*** Opening of EXTRACTED INFORMATION ***

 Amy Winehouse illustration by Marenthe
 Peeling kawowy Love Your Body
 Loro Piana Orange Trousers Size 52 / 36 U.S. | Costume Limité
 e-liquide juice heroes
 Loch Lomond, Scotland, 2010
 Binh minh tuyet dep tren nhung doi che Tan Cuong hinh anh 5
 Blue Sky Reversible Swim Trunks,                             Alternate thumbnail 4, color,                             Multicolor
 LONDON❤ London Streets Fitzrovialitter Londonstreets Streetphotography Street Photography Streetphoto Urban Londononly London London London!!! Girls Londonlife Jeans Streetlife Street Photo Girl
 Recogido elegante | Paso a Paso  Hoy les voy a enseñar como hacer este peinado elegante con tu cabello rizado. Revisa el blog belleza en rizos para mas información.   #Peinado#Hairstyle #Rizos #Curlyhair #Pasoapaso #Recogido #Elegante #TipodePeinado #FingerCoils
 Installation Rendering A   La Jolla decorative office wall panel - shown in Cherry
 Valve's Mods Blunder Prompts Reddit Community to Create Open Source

*** Close of EXTRACTED INFORMATION ***

(ABOUT THIS TASK): Line by line, write out the records above exactly.

(RESPONSE BELOW):
 Amy Winehouse illustration by Marenthe
 Peeling kawowy Love Your Body
 Loro Piana Orange Trousers Size 52 / 36 U.S. | Costume Limité
 e-liquide juice heroes
 Loch Lomond, Scotland, 2010
 Binh minh tuyet dep tren nhung doi che Tan Cuong hinh anh 5
 Blue Sky Reversible Swim Trunks,                             Alternate thumbnail 4, color,                             Multicolor
 LONDON❤ London Streets Fitzrovialitter Londonstreets Streetphotography Street Photography Streetphoto Urban Londononly London London London!!! Girls Londonlife Jeans Streetlife Street Photo Girl
 Recogido elegante | Paso a Paso  Hoy les voy a enseñar como hacer este peinado elegante con tu cabello rizado. Revisa el blog belleza en rizos para mas información.   #Peinado#Hairstyle #Rizos #Curlyhair #Pasoapaso #Recogido #Elegante #TipodePeinado #FingerCoils
 Installation Rendering A   La Jolla decorative office wall panel - shown in Cherry
 Valve's Mods Blunder Prompts Reddit Community to Create Open Source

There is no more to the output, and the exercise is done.